Bazen de insan dine sımsıkı sarılır, ibadet ve taatte çok güzel mertebelere gelir. Ruhu inkişaf eder. Ama zamanla gevşer, dünyanın geçici hevesine aldanıp, Rabbinin ona bir ikram nevinden sunduğu, teveccühü nas, şan ve şöhrete kapılarak, asıl vazifesini unutur. İşte bu anda Onun koruyucu müekkelleri olan ervahi Tayyibe yi ve ruhaniye yi küstürür ve üzerindeki koruyuculuklarından vazgeçmelerine sebep olur. İşte o zaman , geçmişte ibadet ediyor, ,insanların hidayete erişmesine sebep oluyor diye , kin ve nefret kusan şeytani güçlerin eline düşer. Koruyucu müekkellerin gittiğini görünce onu hükümleri altına alırlar ve imansızlığa sürüklemekle de intikamlarını almış olurlar.

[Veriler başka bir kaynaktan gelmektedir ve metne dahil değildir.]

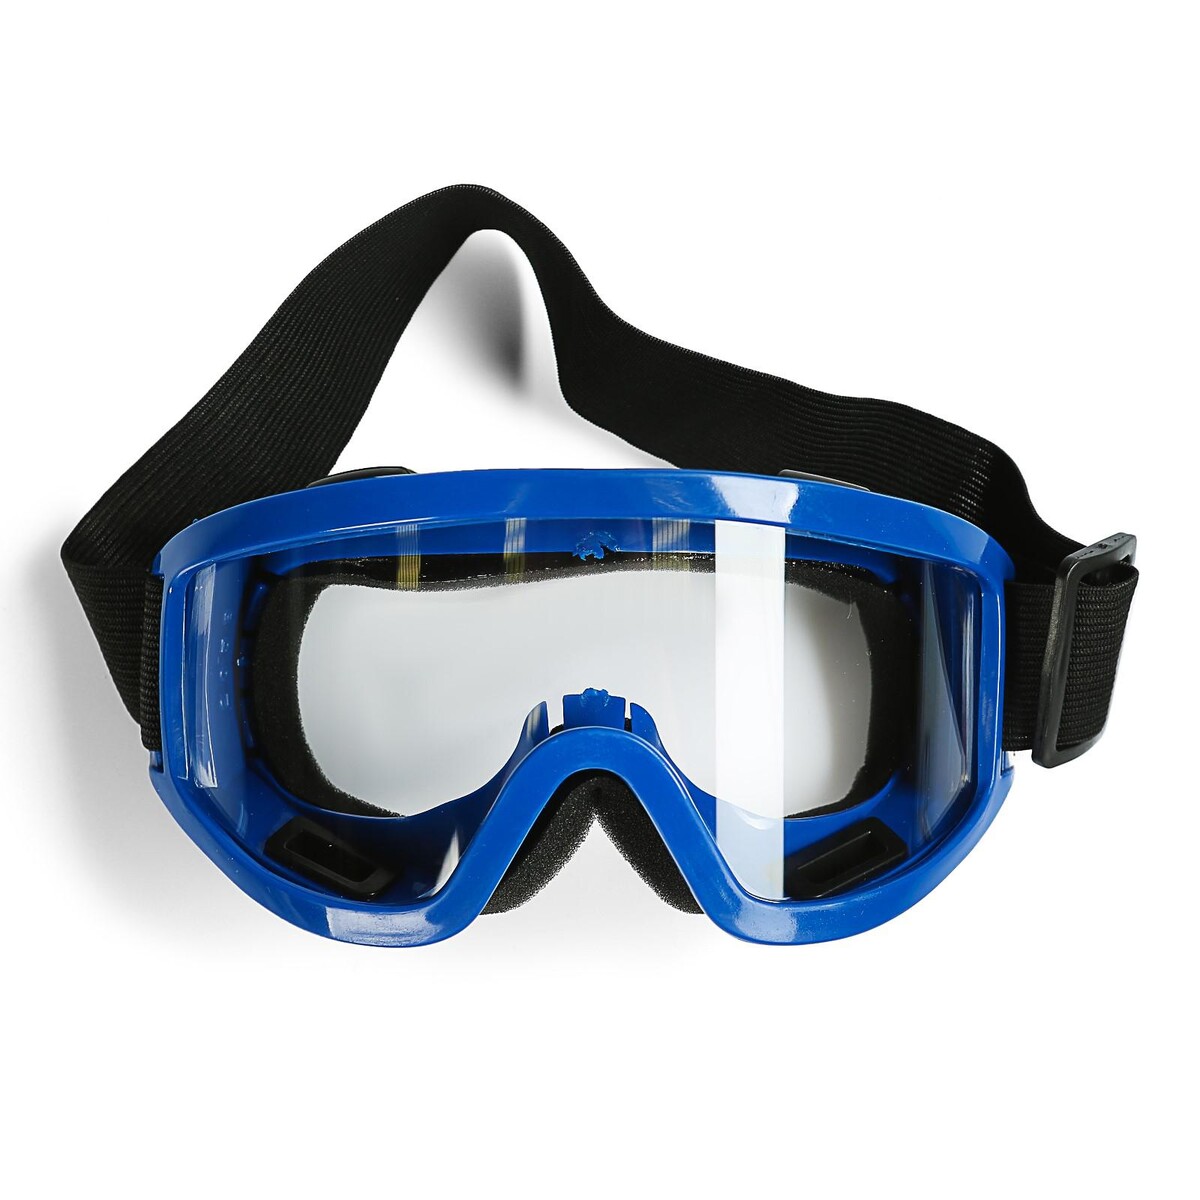 Очки-маска для езды на мототехнике, стекло прозрачное, цвет синий очки маска для езды на мототехнике стекло синий хамелеон оранжевый ом 7

İşte muhterem kardeşlerim , kulluk gevşekliğe gelmez. Özellikle cemaatlere girerek ve tasavvuf ve ibadetlerle ruhunun inkişafına eren kardeşlerim, sakın gevşemeyin. Şan ve şöhrete ve arkası gelmeyen dünyevi isteklere kanmayın. Yoksa sonunuz içler acısı olur.